女性騎士は倒れている騎士の1人に跪き、名前を呼びかけながら身体を揺すった。
「ルッシラ隊長! ルッシラ隊長!」
暫くすると、眠たそうな声が聞こえてくる。
「う……むぅ……ンン……イリサか……どうしたのだ? 朝か……」
「た、隊長。よかった」
「ン、よかった? ……何を言っている」
ルッシラと呼ばれた女性は、そこでムクリと半身を起こすと、周囲に目を向ける。
すると次の瞬間、その女性騎士は目を見開いて驚くと共に、大きな声を上げたのであった。
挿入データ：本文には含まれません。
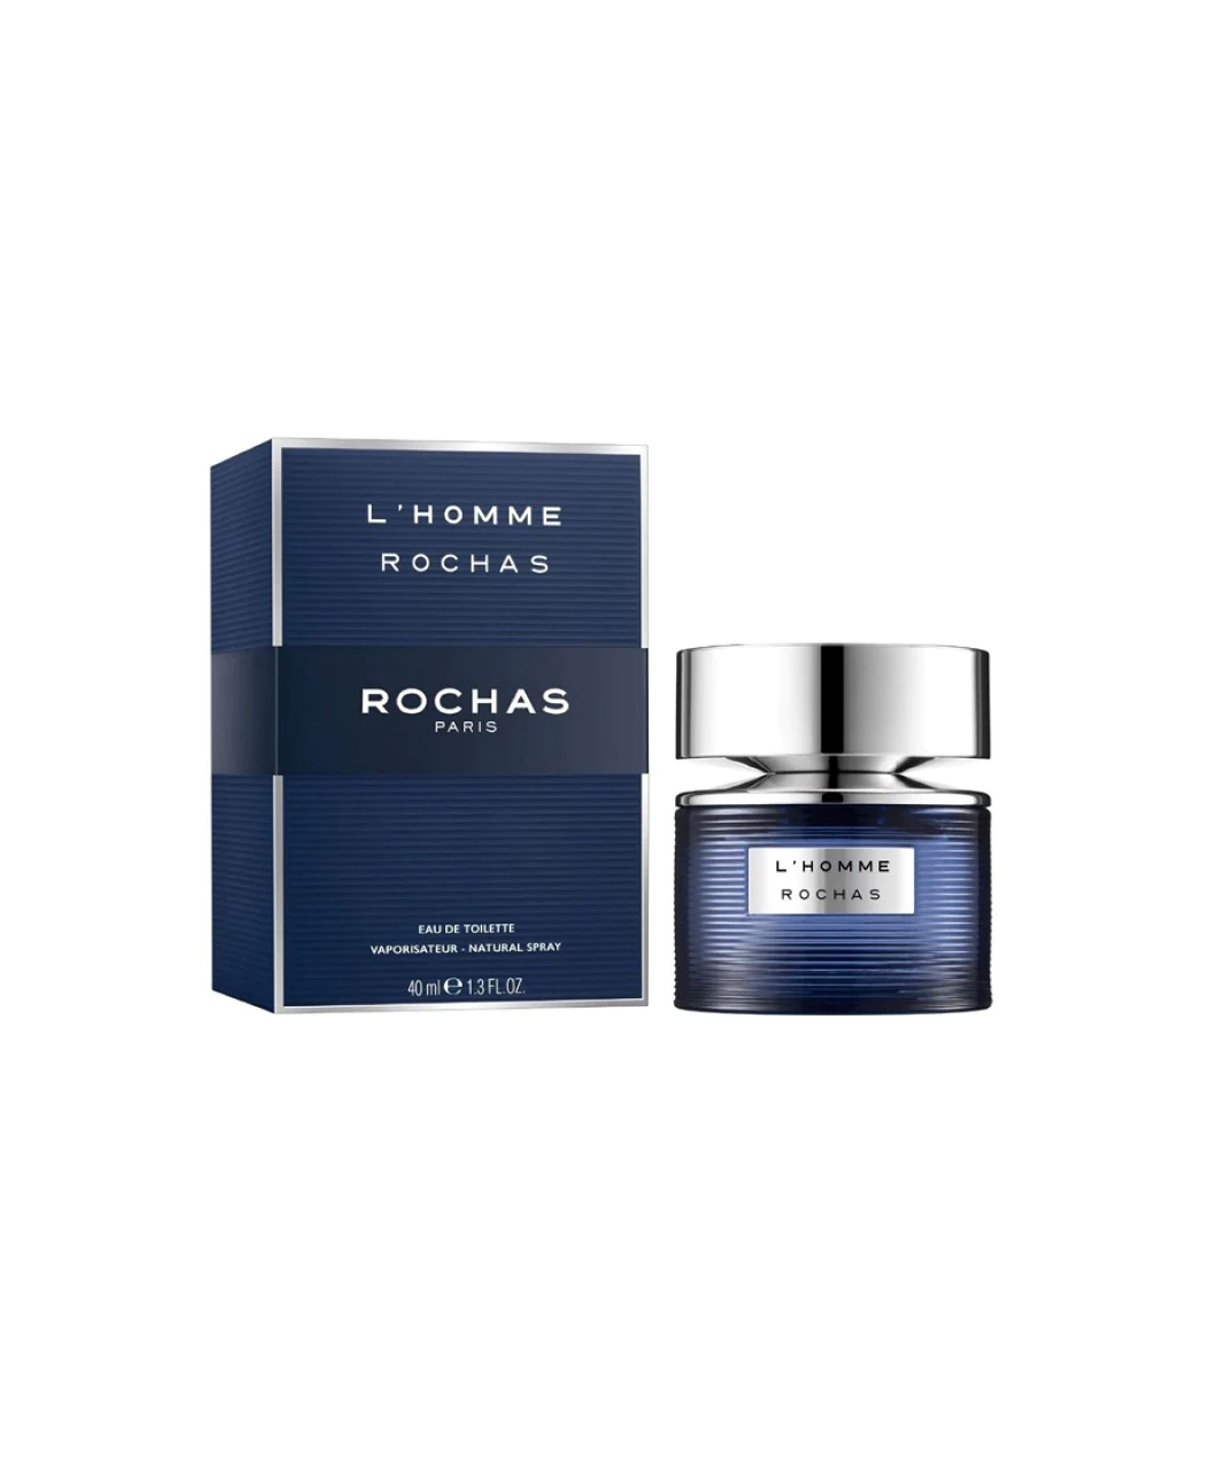 Perfume «Rochas» L'Homme, for men, 40 ml

「……ハッ、これは一体ッ!? そ、そうだ! イリサ、あのローブ姿の者はどこだッ! フィオナ様はご無事かッ!」
「いえ、それが、私も今来たばかりでして、まだ確認をしてはおりません」
「馬鹿者ッ! それでも貴様は近衛騎士かッ! 私ではなく、まずはフィオナ様の安全が先だッ!」
「は、はい、申し訳ありません」
「謝罪はいい! 行くぞッ」
「ハッ」
そして2人の女性騎士は、建物の中へと足早に入って行ったのである。
今のやり取りを見た俺とラティは、そこで互いに顔を見合わせた。
「近衛騎士のようやし、ワイ等は帰った方が良さそうやな。これ以上ここにいると厄介な事になりそうやわ」
「だな。そろそろお暇させて貰おう。だが、その前に……アレをどうにかしないとな」
俺は外壁の奥にある小窓の下に目を向けた。
「ン、あそこになんかあるんか?」
「ああ。さっき戦った魔物が持っていた荷物がな……。ちょっと気になるから、今の内に回収しておくよ」
放っておけばいいのかもしれないが、ラーのオッサンが言っていた内容が気掛かりであった。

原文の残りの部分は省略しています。